One of the stimulating conversations I've had about the big data phenomenon this year was with Andrew Jennings, FICO's chief analytics officer and head of FICO Labs.
He has held a number of leadership positions at the credit scoring outfit since joining the company in 1994, including a stint as director of FICO's European operations. Andrew was head of unsecured credit risk for Abbey National and has an academic hinterland as a lecturer in economics and econometrics at the University of Nottingham.
Did he think the big data cycle was winding down? He did, but it has not become less relevant, he said, "but we are over the more outrageous things said in the last year or so. The Wild West of Pig, Hive and Hadoop has become more tamed; it's being made easier for people to use [big data technologies] in order to do analytics with data, and make decisions".
Dr Jennings was, in part, referring to his own company's analytic cloud service, which comprises open source tools, their own products, and other third party elements. But also efforts being made by the big suppliers, such as IBM, SAP and Oracle.
"Data driven organisations do need more tools beyond the spread sheet, so there is more tendency for big data technologies to be integrated".
Jennings sees the predictive analytics technologies developed over many years for financial services companies, by the likes of FICO or SAS, as having a broader applicability, and cites network security as an adjacent area.
"And in retail, the credit risk models developed over 25 years can be extended to the best action to take for an individual consumer", depending on their price sensitivity.
FICO is experienced in recruiting and developing people it is now fashionable to call 'data scientists'. Does he think such people should get more focus than the development of data savvy managers?
"Data scientists will get frustrated if management around them has no understanding of what they are doing. So, they need data savvy managers, too".
On data scientists, as such, he said "by 'data scientist' people mean something more than a statistician or a computer scientist who knows about database technologies, but someone with a broader set of skills: who can manipulate data, write code, hack something together, do the mathematical analysis but also understand the business context in which that is important.

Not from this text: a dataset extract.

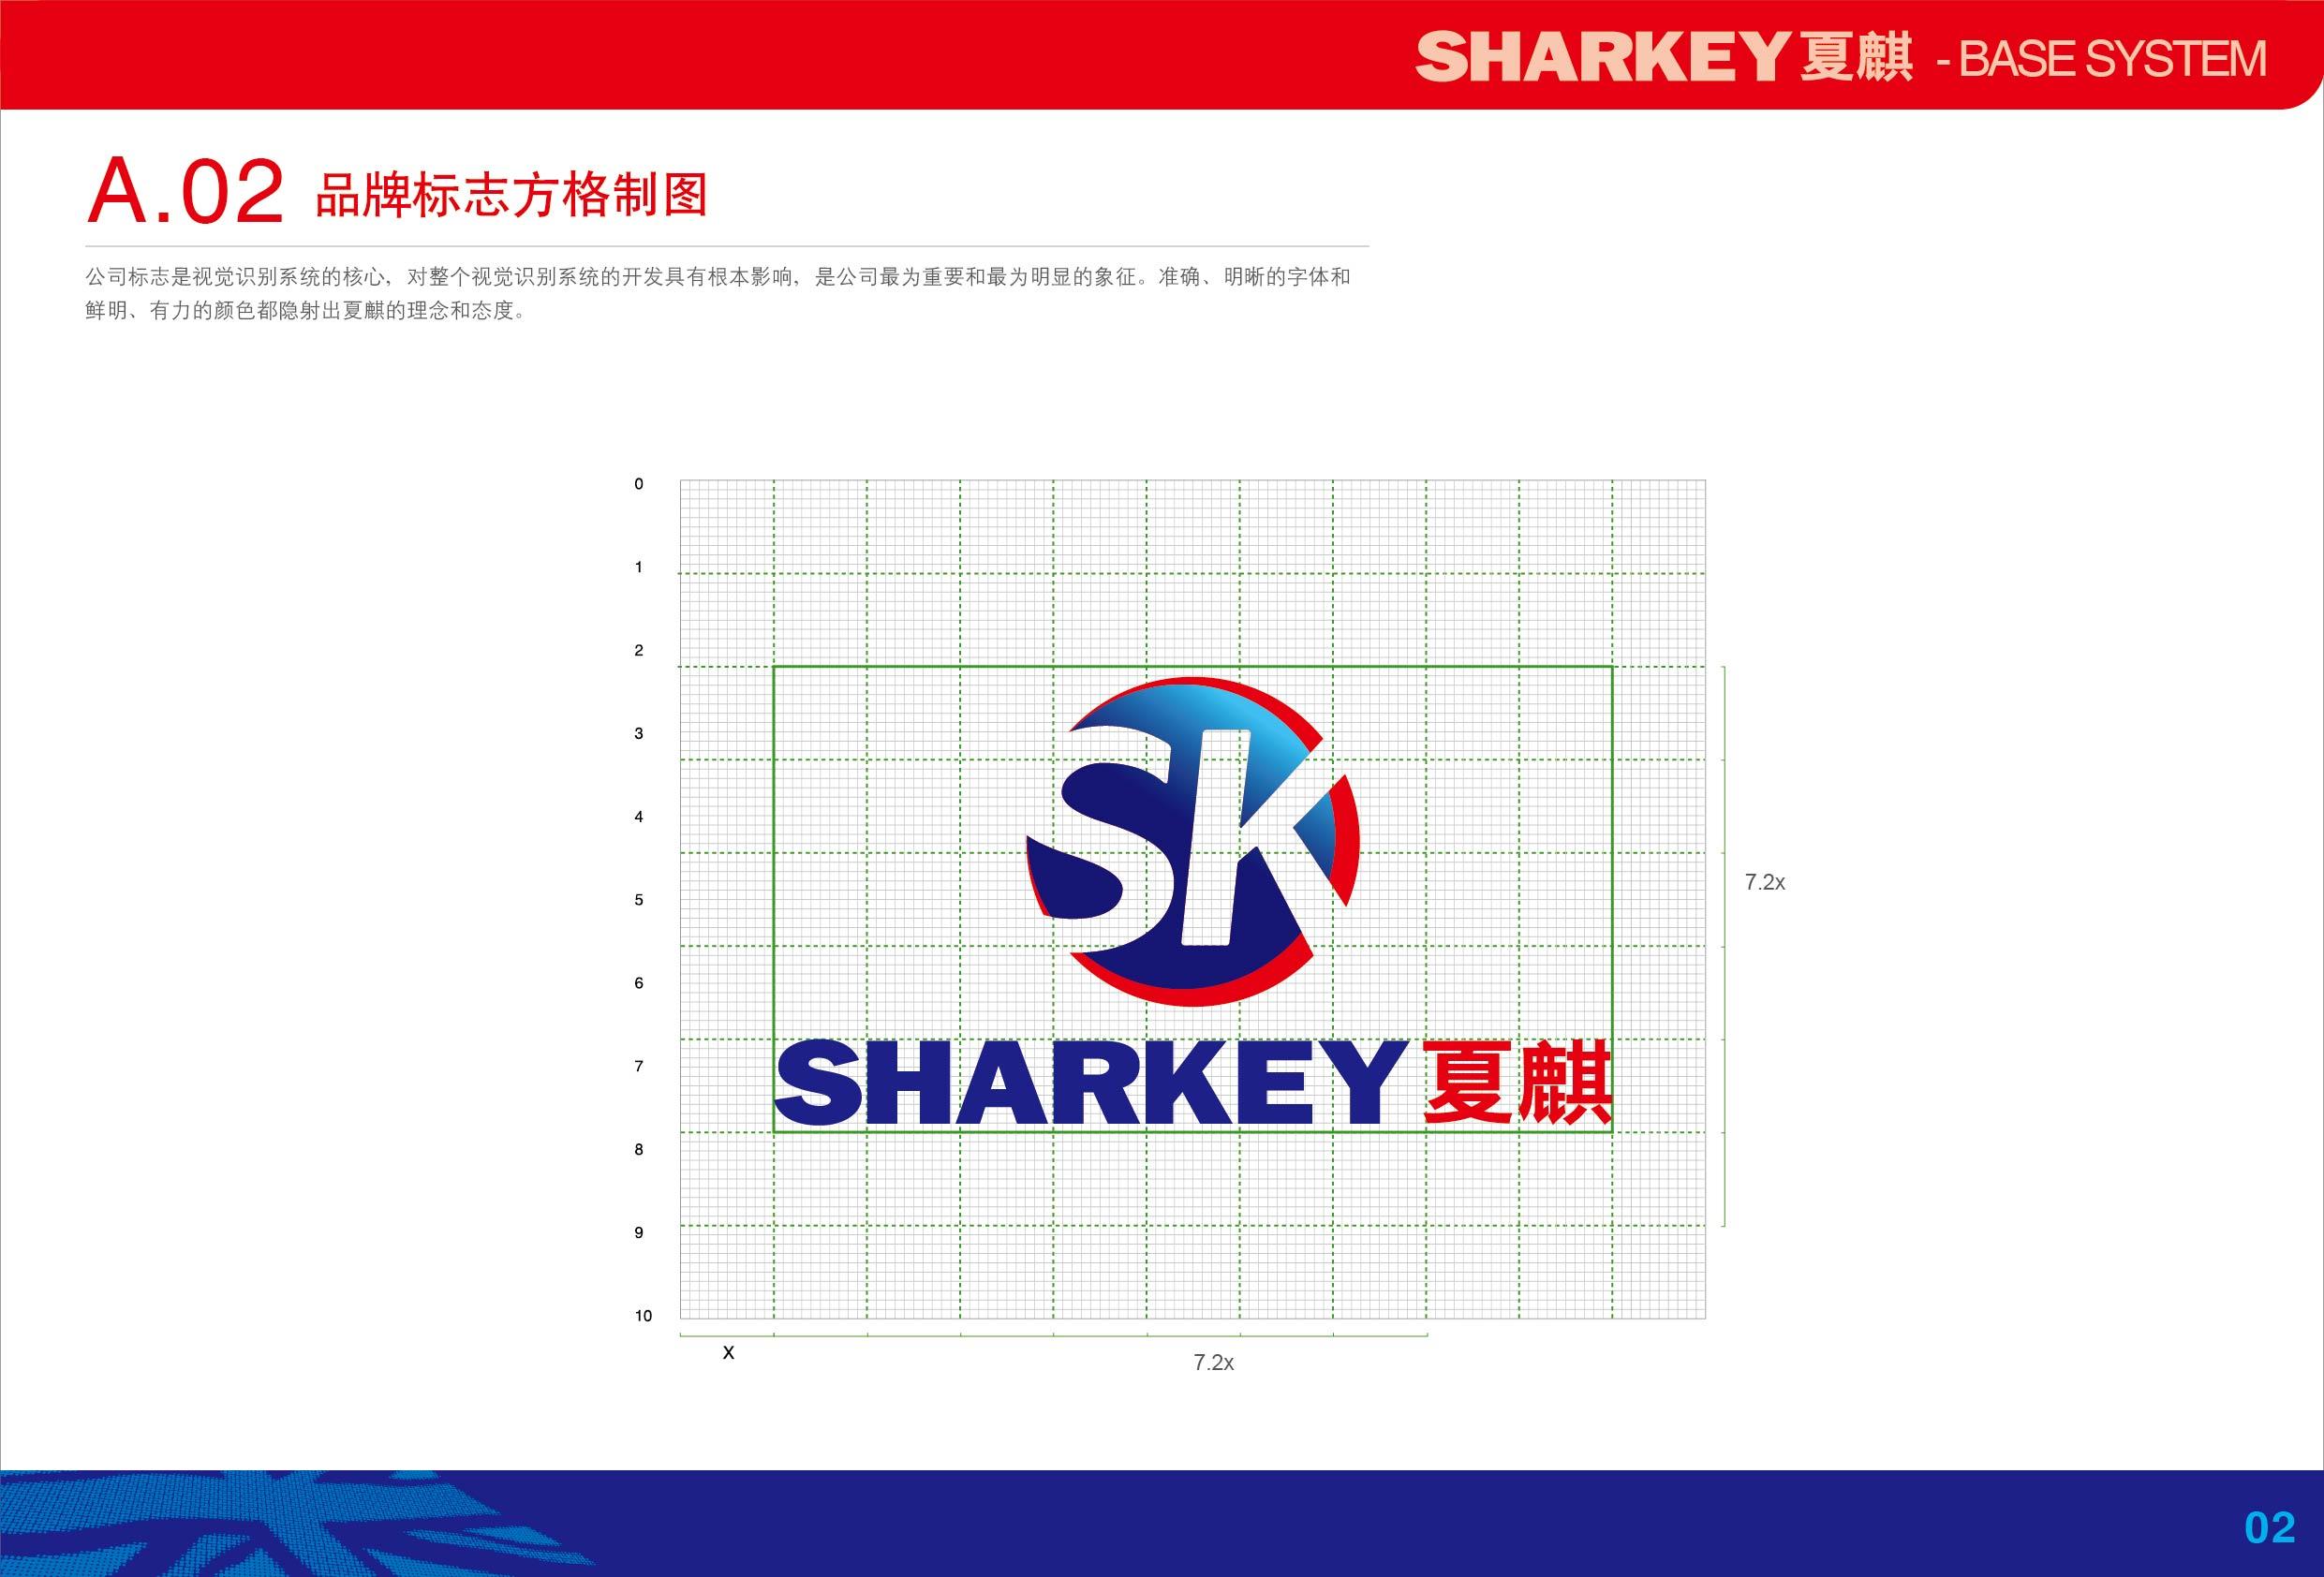 A夏麒logo-基础系统.aiA-03

"In my experience the really hard role to fill is that [data analytics] person who can also understand what the business goals are and can talk to the business. Can help us to sell, in FICO's case".

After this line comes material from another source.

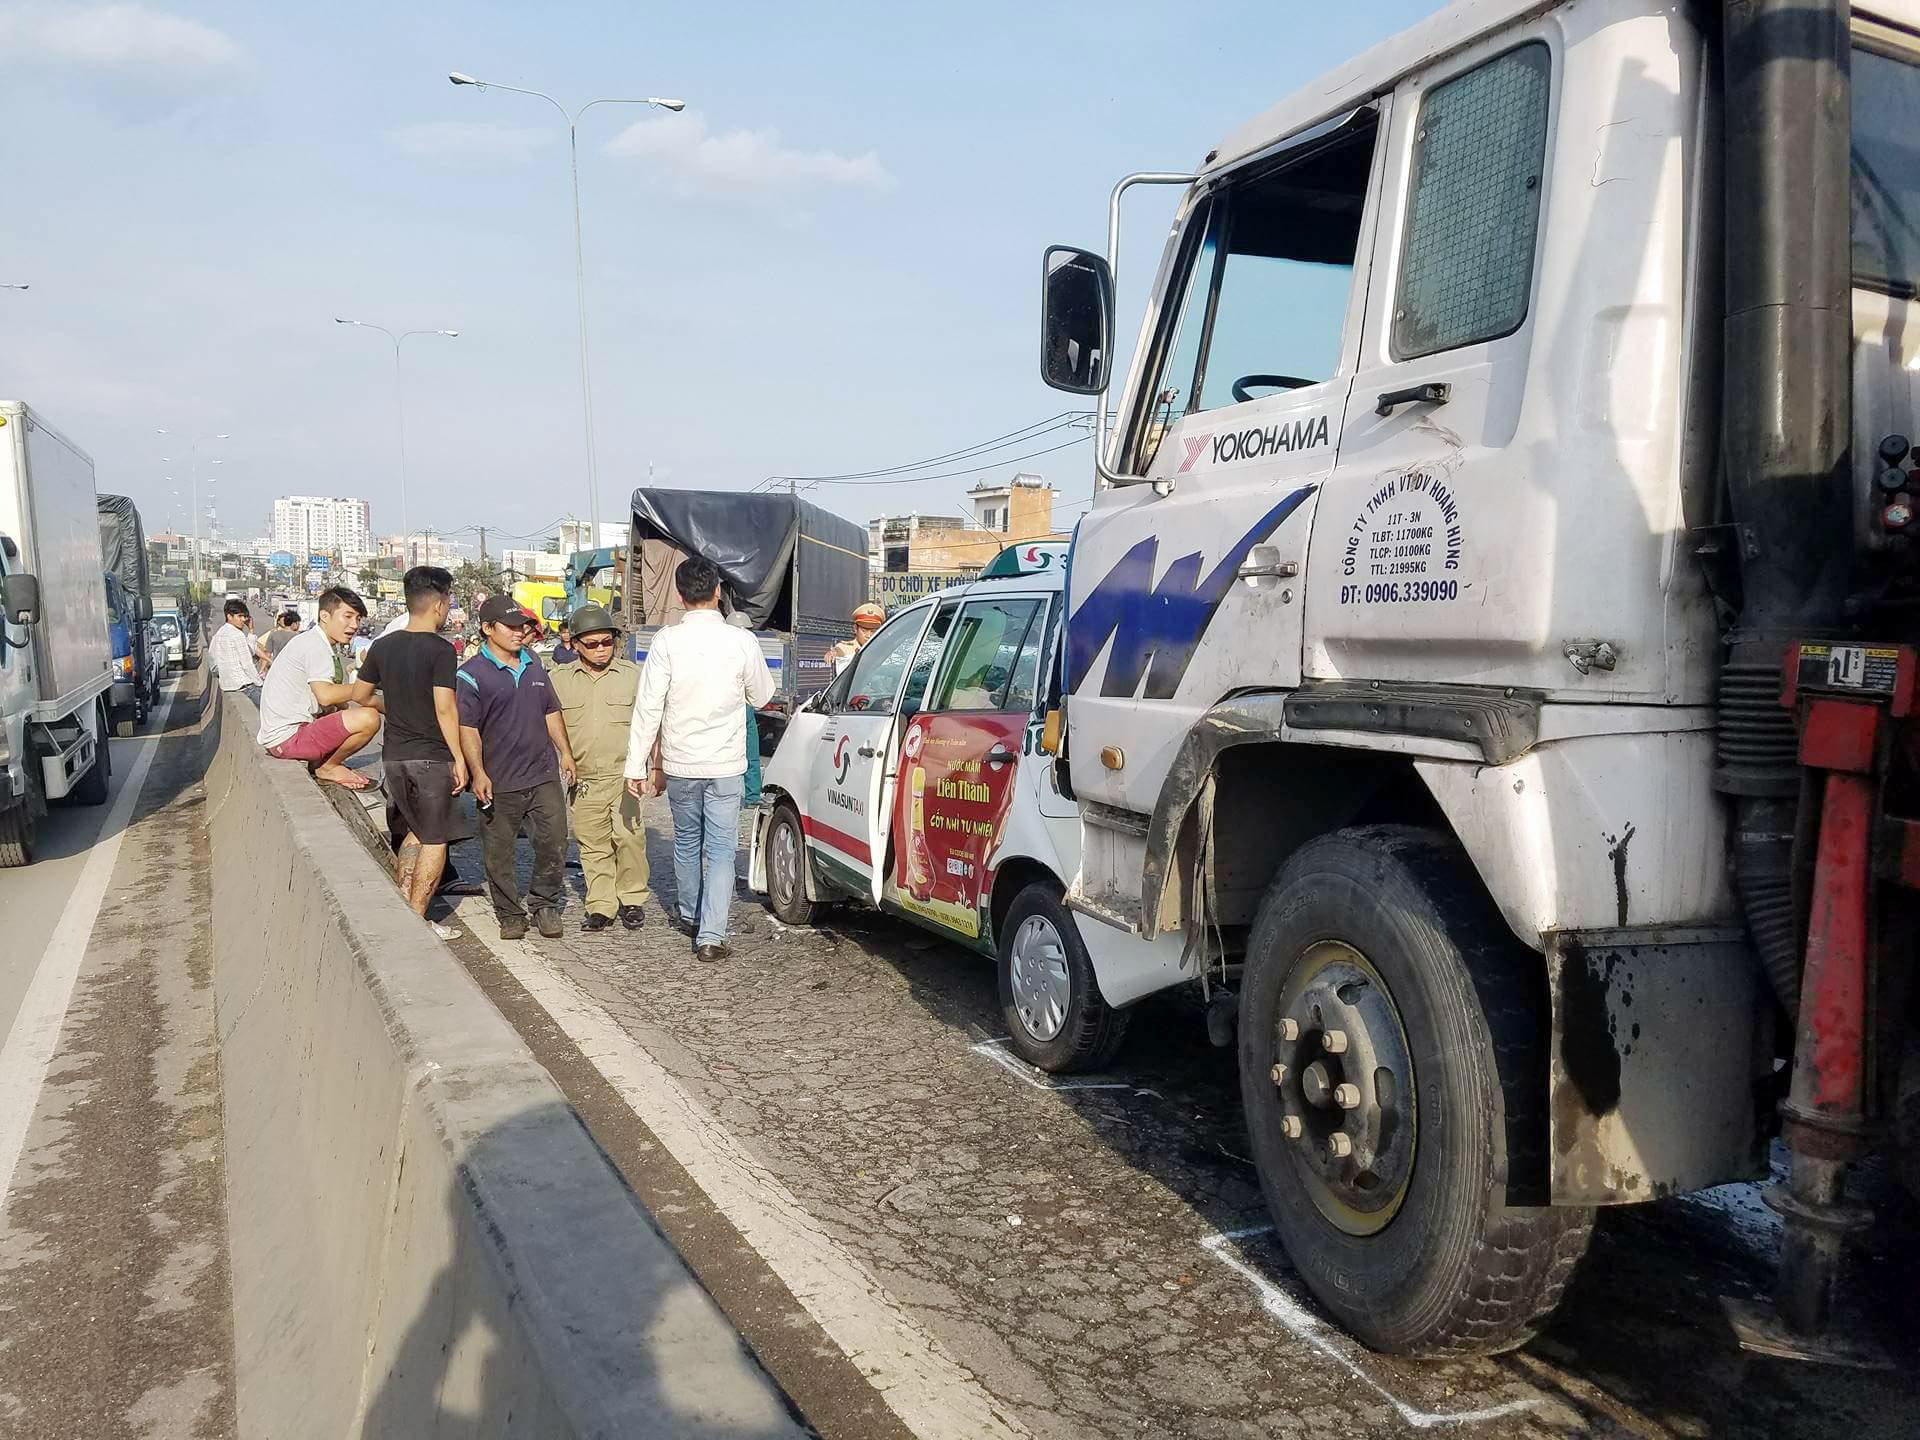 Hiện trường vụ tai nạn liên hoàn giữa 3 ô tô trên cầu vượt An Sương

The rarity of such people means that building data science teams is the way forward, he concludes.
"It always comes down to: 'What's the decision I am trying to improve?' Or 'what operation am I trying to improve?'".

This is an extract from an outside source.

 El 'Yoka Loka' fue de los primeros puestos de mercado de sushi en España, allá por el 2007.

FICO's approach, on his account, is to make decisions easier and repeatable. "You've got to be able deploy the model. We put our time not just into the algorithm, but to getting the model to the point at which a decision can made and you can execute at the right speed".
As for big data technologies, he said "I've been in analytics for years, and had never heard of Hadoop five year ago. It is now in our everyday language. All the big players - Oracle, SAP, and so on - are moving to make it less geeky. We're focused on the analytics and decisioning component of that".